Chiller is a light gun arcade game released in 1986 by Exidy. An unlicensed port was released for the Nintendo Entertainment System in 1990 by American Game Cartridges in the US, and in Australia by HES (Home Entertainment Suppliers), with the option of using either the standard controller or the NES Zapper.

In the game, the player takes on the role of an unseen torturer who must maim, mutilate, and murder restrained non-player characters in a variety of dungeon settings.

== Gameplay ==

The torture chamber of Chiller

The gameplay consists of shooting as many targets (“monsters”) as indicated by the Monster Meter at the top of the screen before the timer at the bottom runs out. The game features four main levels: the torture chamber, the rack room, the haunted house hallway, and the graveyard.

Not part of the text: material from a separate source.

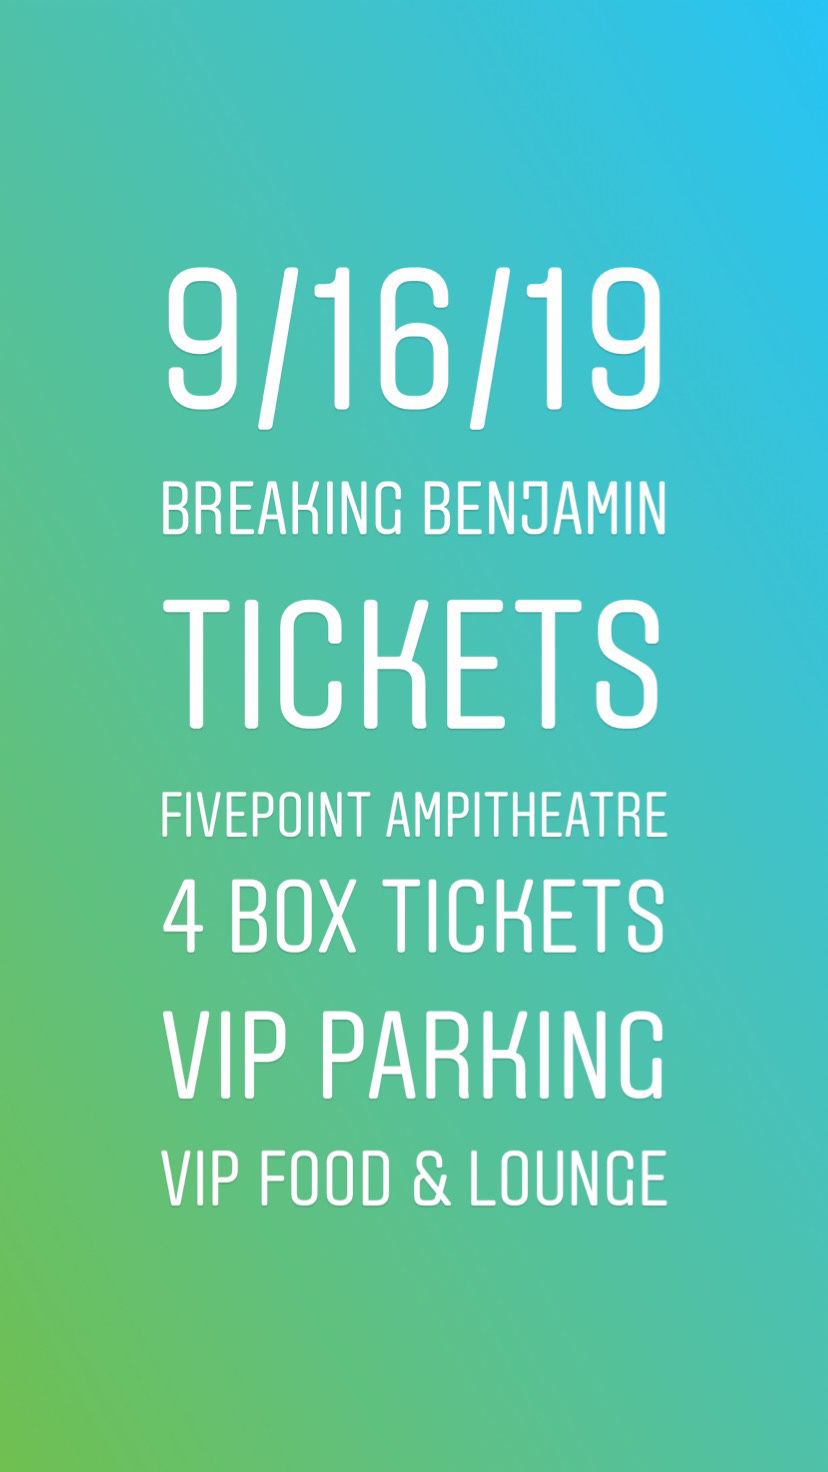 Breaking Benjamin Tickets 9/16/19

After completing the final level, the game loops back to the first level with a higher target requirement, and each target awards more points. The game only ends when the player fails to reach the target goal within the time limit.

Each level contains a series of secret targets, which are shown in the middle of the screen before entering the level. If all secret targets in a level are found, the player can earn a bonus score by winning at the slot machine. A final bonus round is unlocked when all secrets across all levels are discovered. This bonus round consists of target practice in which objects moving at increasingly high speeds must be shot.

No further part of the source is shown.